- Investigation of a primary requirement of organ preservation solutions: supplemental buffering agents improve hepatic energy production during cold storage.
Investigation of a primary requirement of organ preservation solutions: supplemental buffering agents improve hepatic energy production during cold storage.

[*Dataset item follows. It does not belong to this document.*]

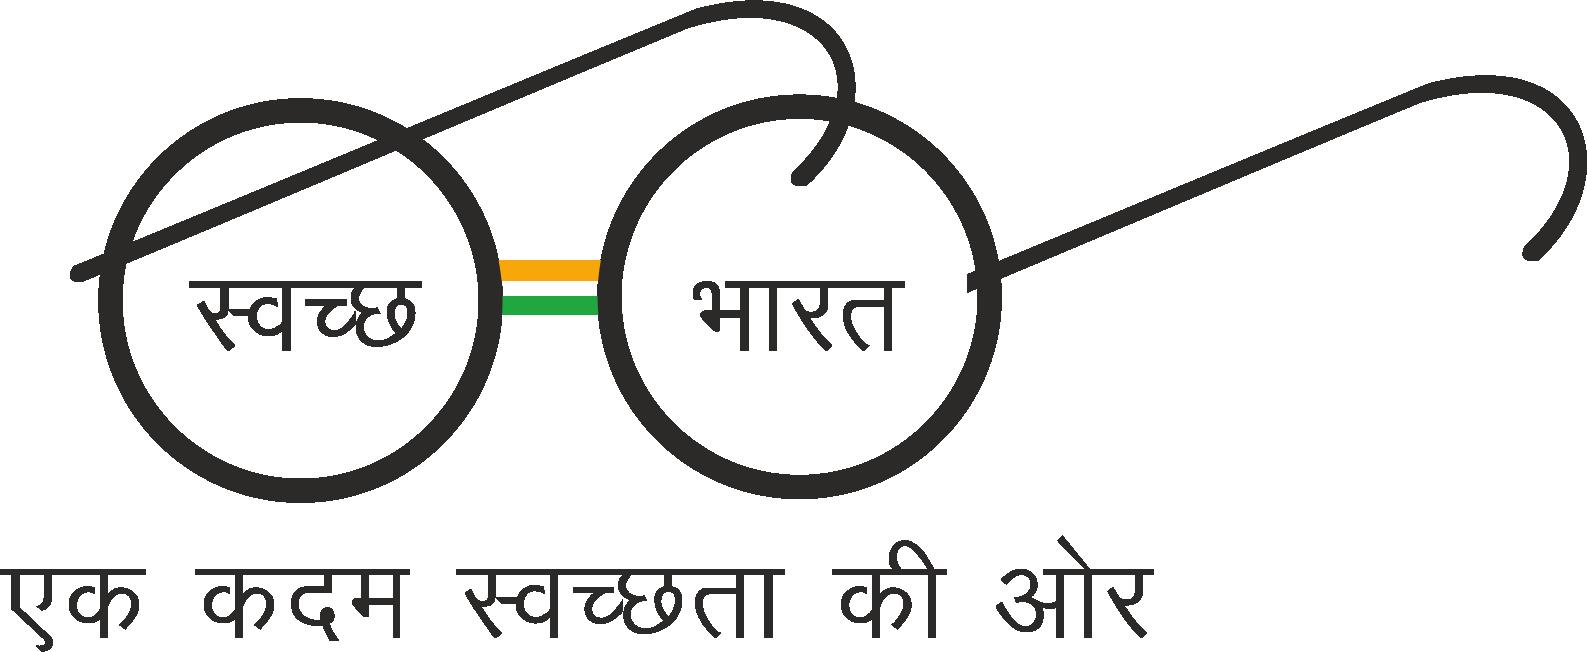 Swachh Bharat Abhiyan.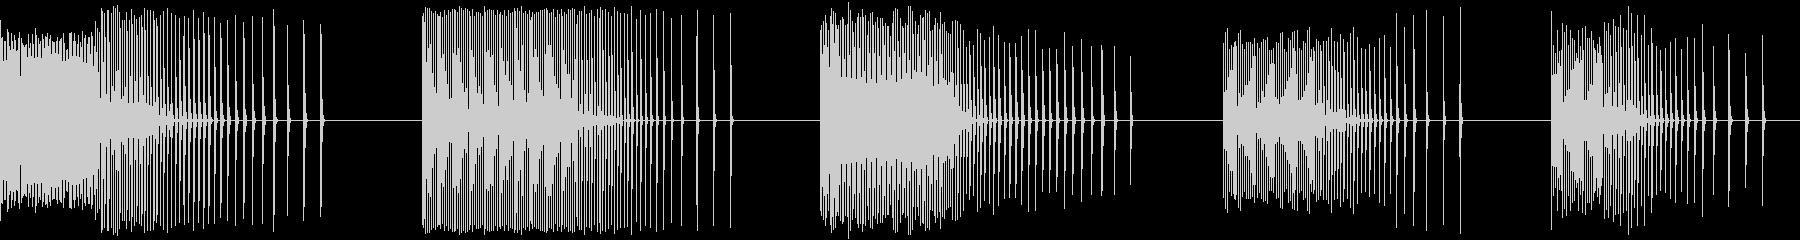 高速スピン、5バージョン、スピニン...の未再生の波形

This study was designed to investigate the effects of a modified University of Wisconsin (UW) solution supplemented with one of four buffering agents (histidine, bicine [N,N-bis(2-hydroxyethyl)glycine], tricine [N-tris(hydroxymethyl)methylglycine], and Tris) on liver metabolism during cold ischemic storage. Rat livers were flushed and stored for a maximum period of 24 hr at 4 degrees C, and tissue energetics, substrate, and anaerobic end-products were assessed; the group exhibiting the best results during storage was recovered in a 60-min period of warm reperfusion. Relative buffering capacities of the experimental solutions (measured over physiological pH range, in mM H+/L) were: UW, 4.1; histidine+UW, 9.8; Tris+UW, 19.0; bicine+UW, 22.5; tricine+UW, 26.8. In the UW group, ATP levels dropped rapidly over the first 4 hr; 1.0 micromol/g (40% of initial) remained after 4 hr of storage. By 2 hr, ATP levels in bicine- and tricine-treated groups were 0.5 and 1.1 micromol/g greater than in the UW-stored livers and by 10 hr, ATP in bicine-treated livers was twofold that of the control (UW) group. Total adenylate levels also reflected a superior elevation of cellular energetics; even after 24 hr, quantities were 1.4 and 2.0 micromol/g higher than the UW group in bicine- and histidine-supplemented organs. The increase in energetics occurred as a result of increased flux through the major anaerobic energy-producing pathway, glycolysis. The glycolytic rate was significantly greater at storage times > 10 hr with solutions supplemented with bicine, histidine, and tricine. Final values for net lactate accumulation over the entire 24-hr storage period were: UW, 10.1 micromol/g; histidine, 14.3 micromol/g; bicine, 15.2 micromol/g; tricine, 13.8 micromol/g. Activities of glycogen phosphorylase revealed that the activity of this enzyme dropped by 50% within 2 hr of storage in UW. However, histidine and bicine supplementation resulted in a substantial elevation of phosphorylase "a" over 4 hr and 10 hr, respectively. The best buffer of the four examined in this study was bicine; energetics, glycolytic flux, and patterns of adenylate regeneration upon reperfusion were markedly superior to modified UW solution. The results of this study suggest that supplementing the "gold standard" UW solution with an additional buffering agent (in order of efficacy: bicine>tricine>histidine) may improve the metabolic status of livers during clinical organ retrieval/storage.